To hear knowledgeable folks recount the story, the mainframe, with its homogeneous infrastructure and proprietary operating system, had its foibles from the beginning. But these were offset by many pluses.
Mainframes cost a lot of money, both to acquire and to upgrade over time. And software licenses weren’t cheap, either. But companies (including those for which I worked) endured the costs with minimal grumbling as a price for doing business.
Year-over-year growth in software licensing fees was tolerated in the main because there were usually incremental value improvements at a functional level with each new release—demonstrating that IBM and independent software vendors were doing something to legitimatize their price increases.
This changed with Y2K, when the mainframe-related cost curve suddenly spiked. The reason was obvious: A lot of code, both in home-grown apps and vendor utilities, needed to be fixed.

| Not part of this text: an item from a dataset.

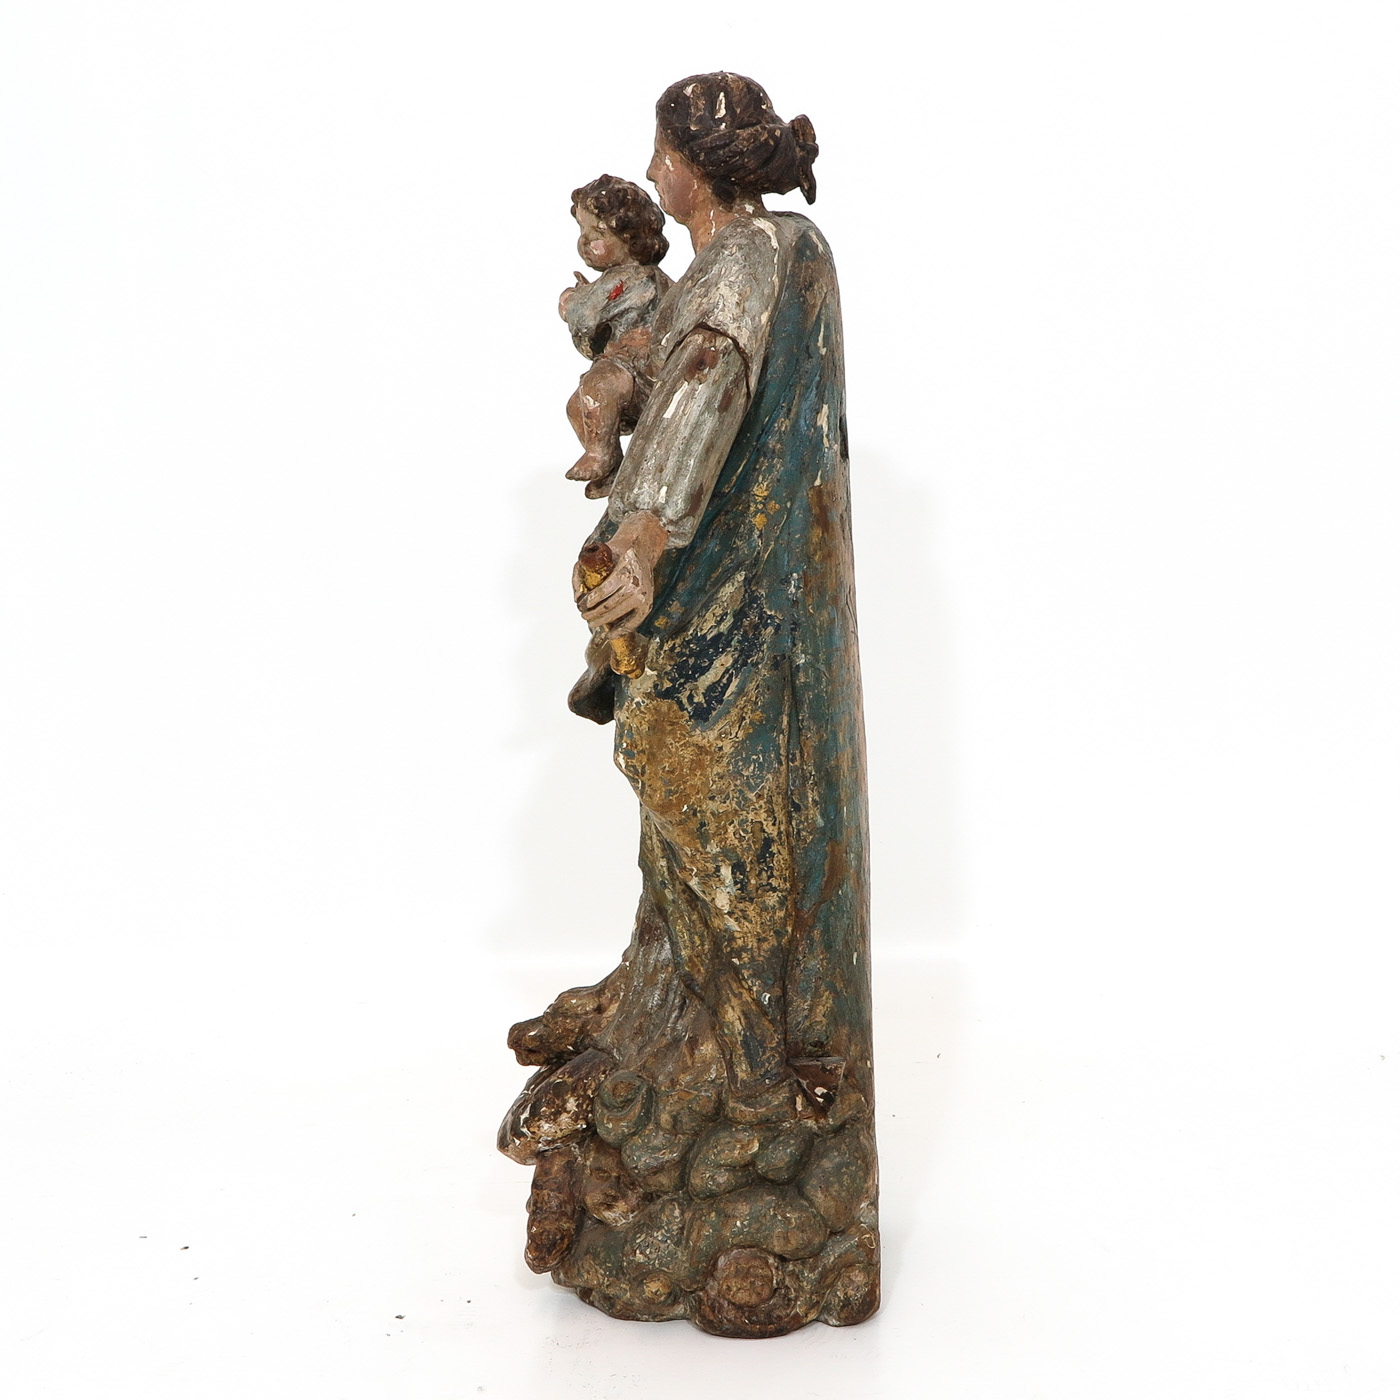 A 17th - 18th Century Madonna and Child Sculpture - Image 2 of 4

Doubtless, some vendors took advantage of the situation to gouge the consumer. In some cases, fuel was added to the fire (the exasperation of the consumer, that is) by hype around “open systems” and “end-user computing.” A lot of new technology was sold to “fix the problems of the data center” with sort of a do-it-yourself approach.
Ironically, the very market for distributed computing that was created to upend the monolithic mainframe has now subdivided itself into Enterprise Class vs. Small to Medium Business (SMB) class. The do-it-yourselfers seem to be congregated at the lowest rung these days, building infrastructure out of white boxes and value-added software, while the folks at the highest rungs seem to want to build a new monolithic mainframe out of Tinker toy servers and virtualization software.

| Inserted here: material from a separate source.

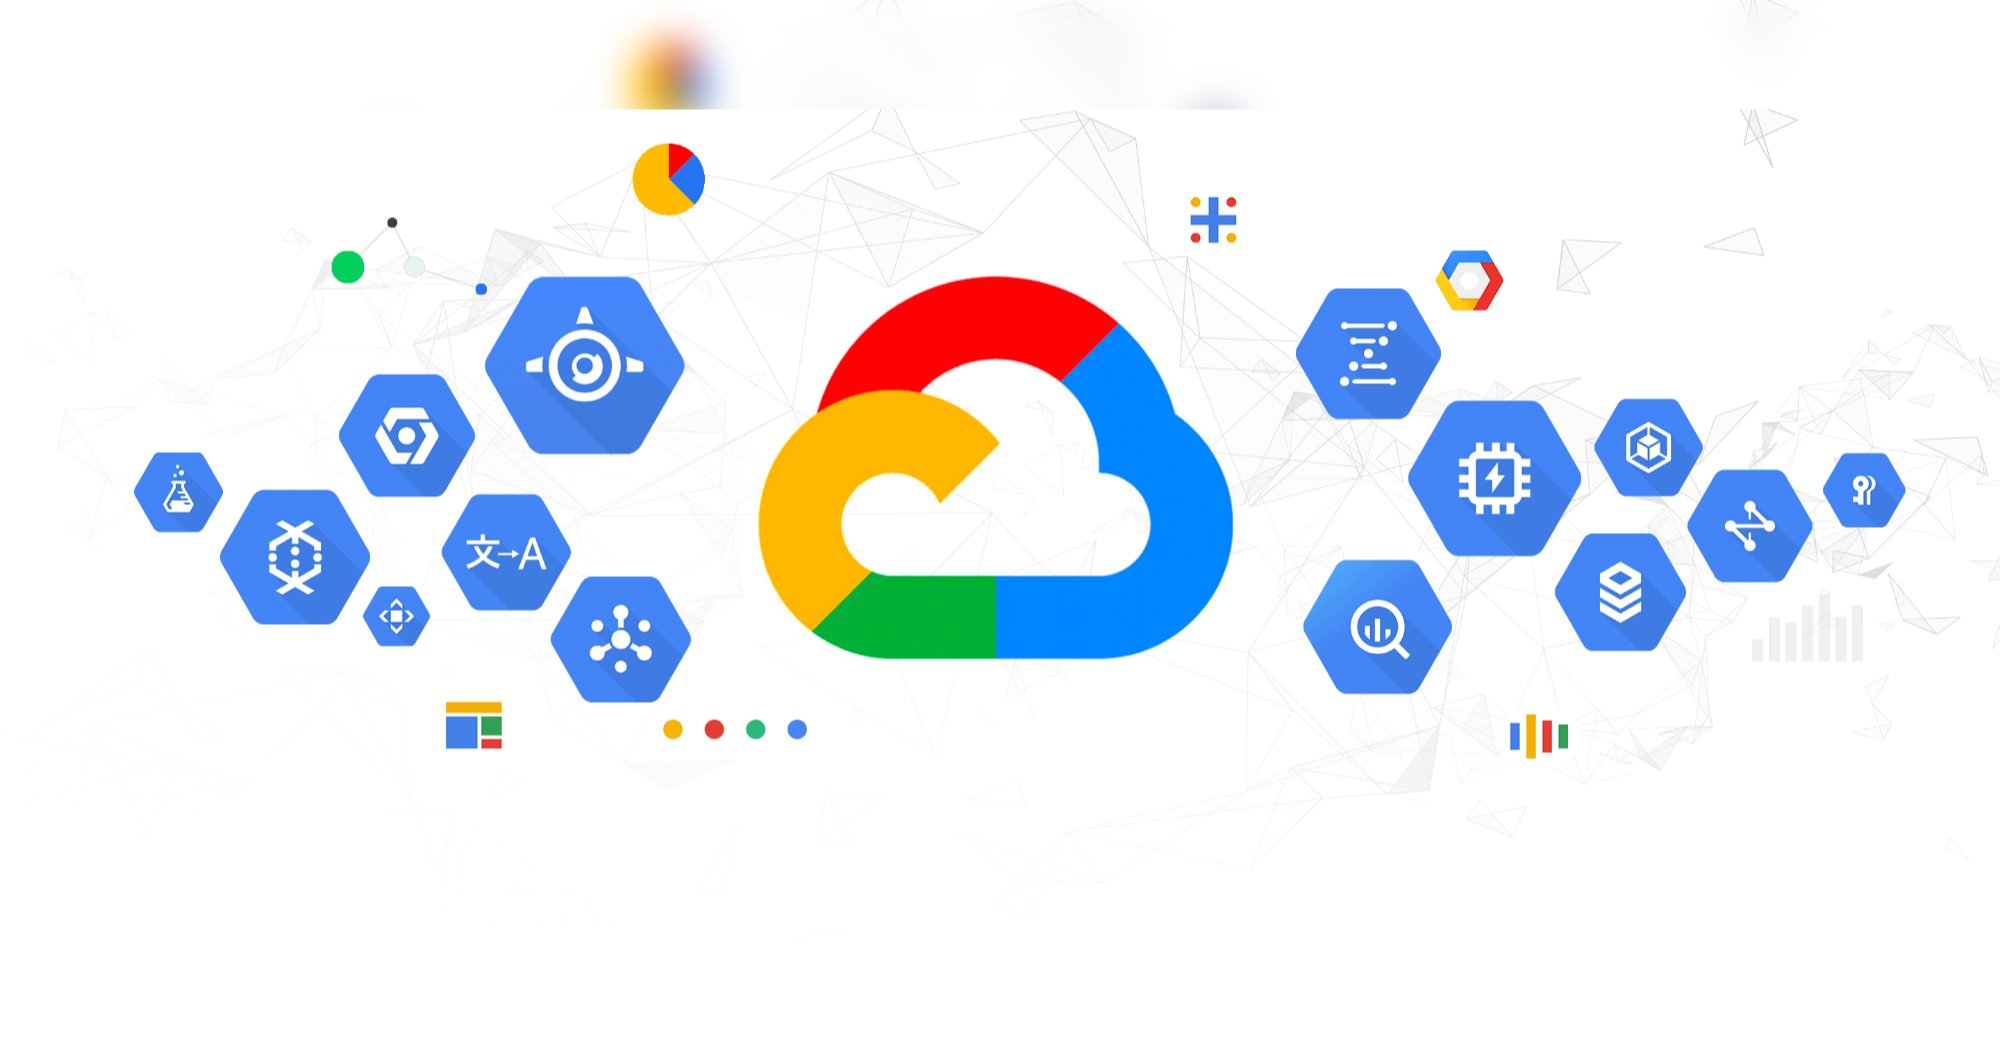 Creating a Windows bootable image for Google Cloud

Despite all this change, the mainframe has crept along— a fixture in many shops often treated by analysts and others as a dinosaur of computing. This is in spite of the fact that workloads relegated to mainframes are actually exponentially climbing. Today’s mainframe workloads, measured in Millions of Processes per Second (MIPS), have grown from 3.5 million MIPS in 2005 to 12 million MIPS today. IBM, which had for a time seen its market share in computing diminish, is now back to pre-2000 levels, thanks in no small part to the mainframe.
In future columns this year, I plan to revisit the economics of mainframes. It occurs to me that mainframes do a better job of handling core computing services than distributed systems from both a CAPEX and an OPEX perspective. You have the tools in the mainframe space to get far more work accomplished with far fewer bodies than would be possible in distributed computing. This idea is resonating with the front-office that’s confronting a recessionary economy and a desire to constrain OPEX growth in their IT departments.
Moreover, with mainframes, you might just have a more compelling consolidation story to tell than you have in distributed server world. Some companies I’m visiting are less convinced that the road to green nirvana is achieved by virtualizing server sprawl and imploding several hundreds of servers into several tens of servers, with or without VMware. In fact, many are seeing the result of virtualization to be a combination of unstable server operations and renewed server sprawl. Why not use mainframe LPARs instead, the murmuring goes, to create “bulletproof ” tenant operating system environments that can be insulated from each other by technology that has been developed and proved over decades.
Then, there are the resiliency concerns that seem to be favoring mainframes again. Distributed servers can and do fail because a disk drive manufacturer somewhere wanted to save a few pennies on a vibration sensor, or because some PCI bus firmware wasn’t quite up to snuff, or a device driver failed to properly load. These are problems plaguing little iron, not big iron.
Finally, there’s the green thing: What compute platform consumes more energy—a z/OS mainframe or 800 servers to support 400 failover strategies?